It is theft of my time and attention, the neurons that have to fire for my brain to process the message and then mentally bin the thought. I value the messages of people trying to sell me things so little, I would request they pay me to sit through their drivil. I have only so many hours on the moist spinning mud ball we call earth that I wish 0% of it being told to buy things.
Back in the day, when the internet was wild and free, advertisment online was a means of allowing hosts and websites to keep the lights on becore e-commerce had its sea legs, and that was the social agreement. Your site hosts ads, I get access to the site, captialism still happened, but it was simple. Then ads loaded by third party sources were not vetted by the trusted site you were visiting and became a vector for malware.

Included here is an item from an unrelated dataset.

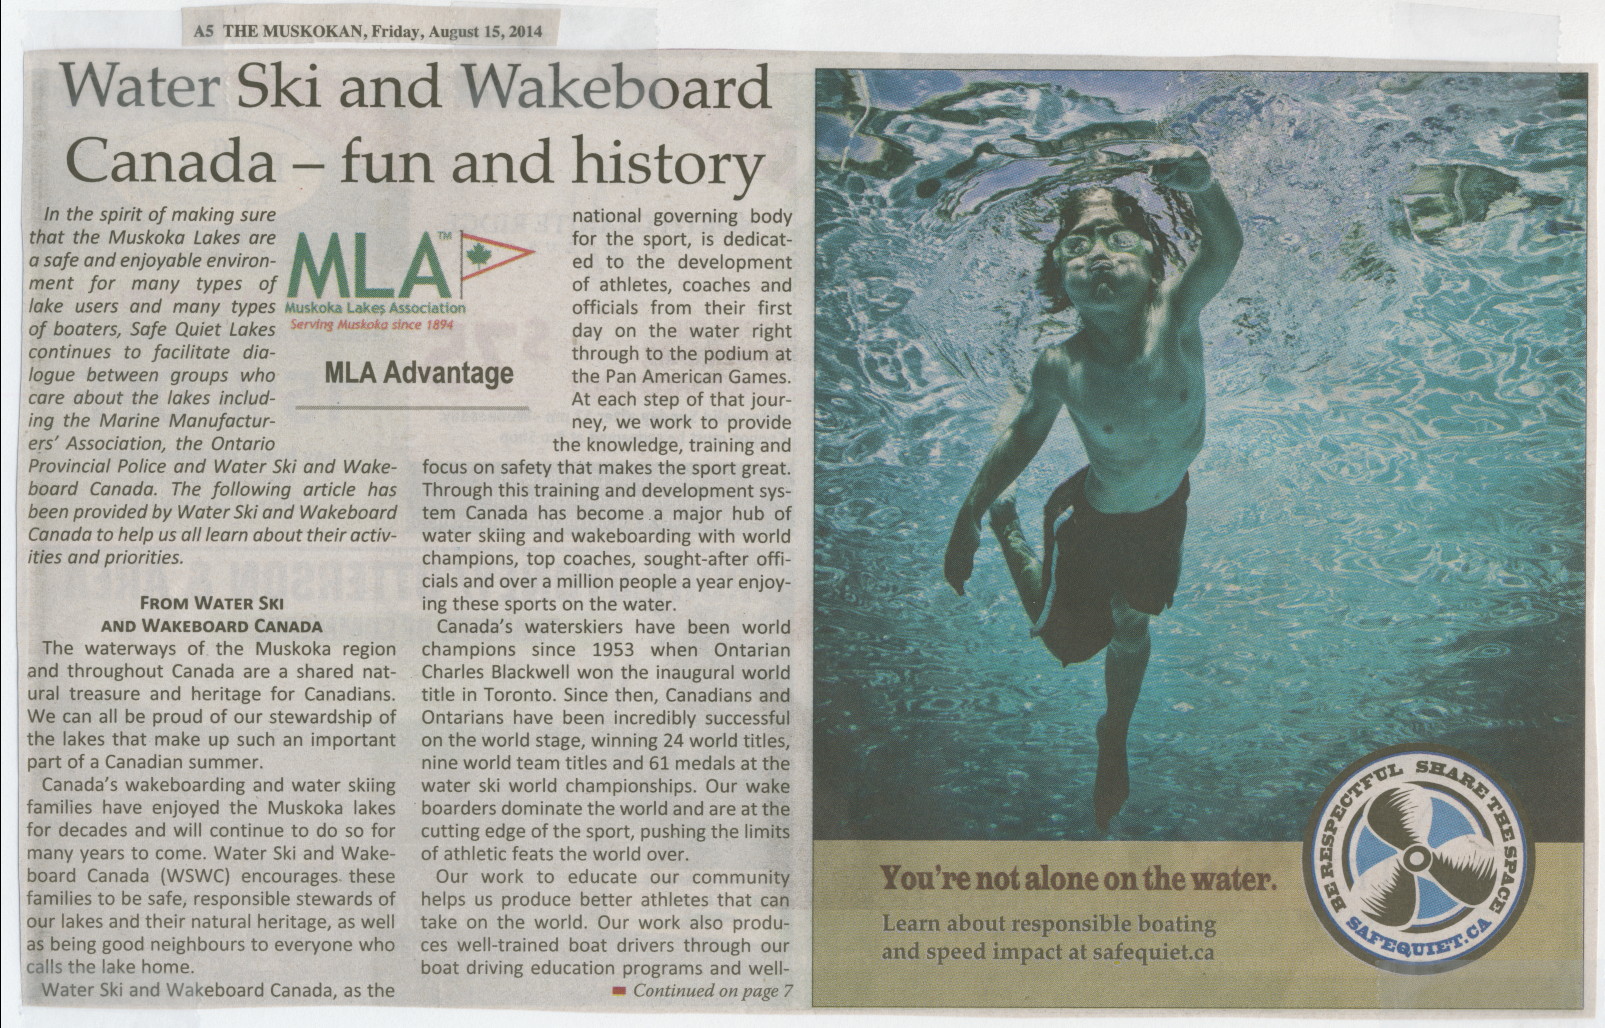 2014 - Aug 5 - Water Ski and Wakeboard Canada - fun and history - The Muskoka page 5 & 7 - 1 of 2
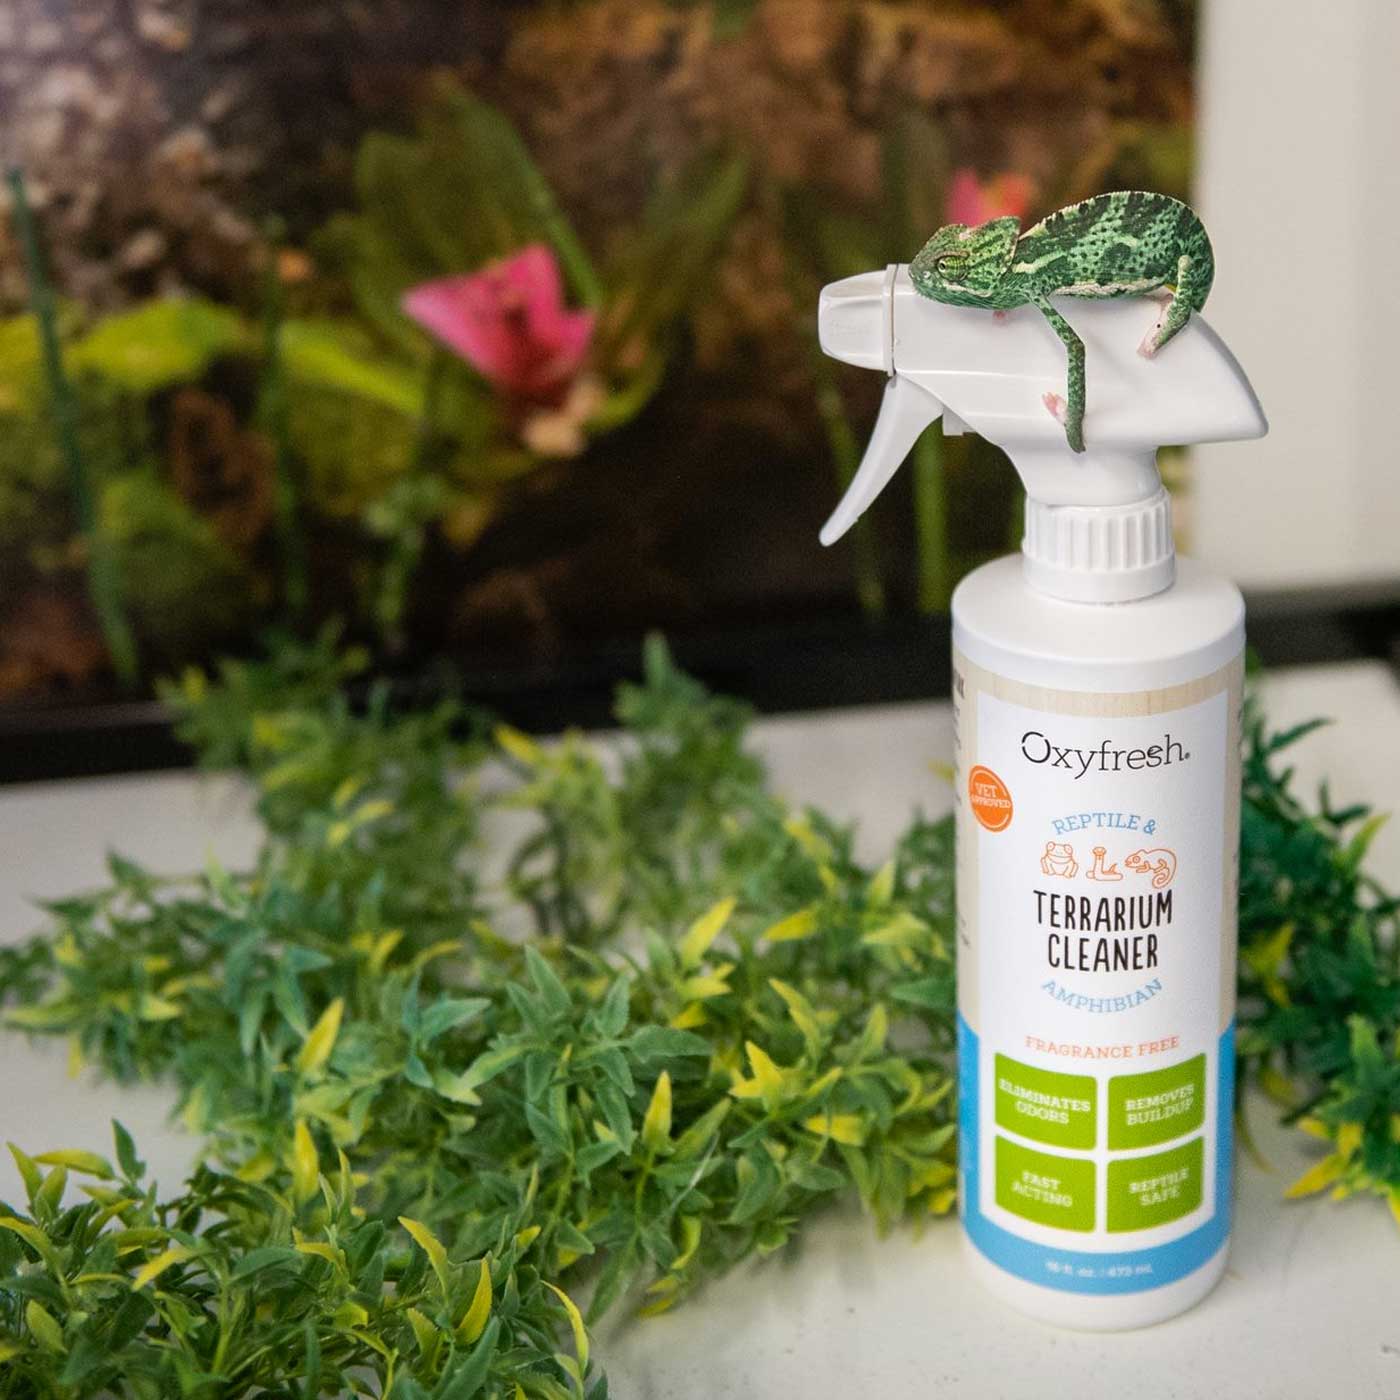 oxyfresh-bleach-free-pet-terrarium-cleaner-reptile-safe-disinfectant

Now, you had ad and ad-free tiers of paid services, you pay your cable bill to watch 22 min. of content every block, 26% of the content on cable is not the content your paying for. Its sick, and now its infested the digital social spaces where people just make the infomericals at home in exchange for free stuff further poisioning the well of trust for interacting online.
[/Gets down from soapbox]
Sorry, I hate ads, moreso that most, but on the level amongst this crowd. To quote the great Miracle Max from the Princess Bride (RIP Rob Reiner) “Life is pain highness. Anyone who says otherwise is selling something”
Are you yourself a thief for using things like YouTube videos for free?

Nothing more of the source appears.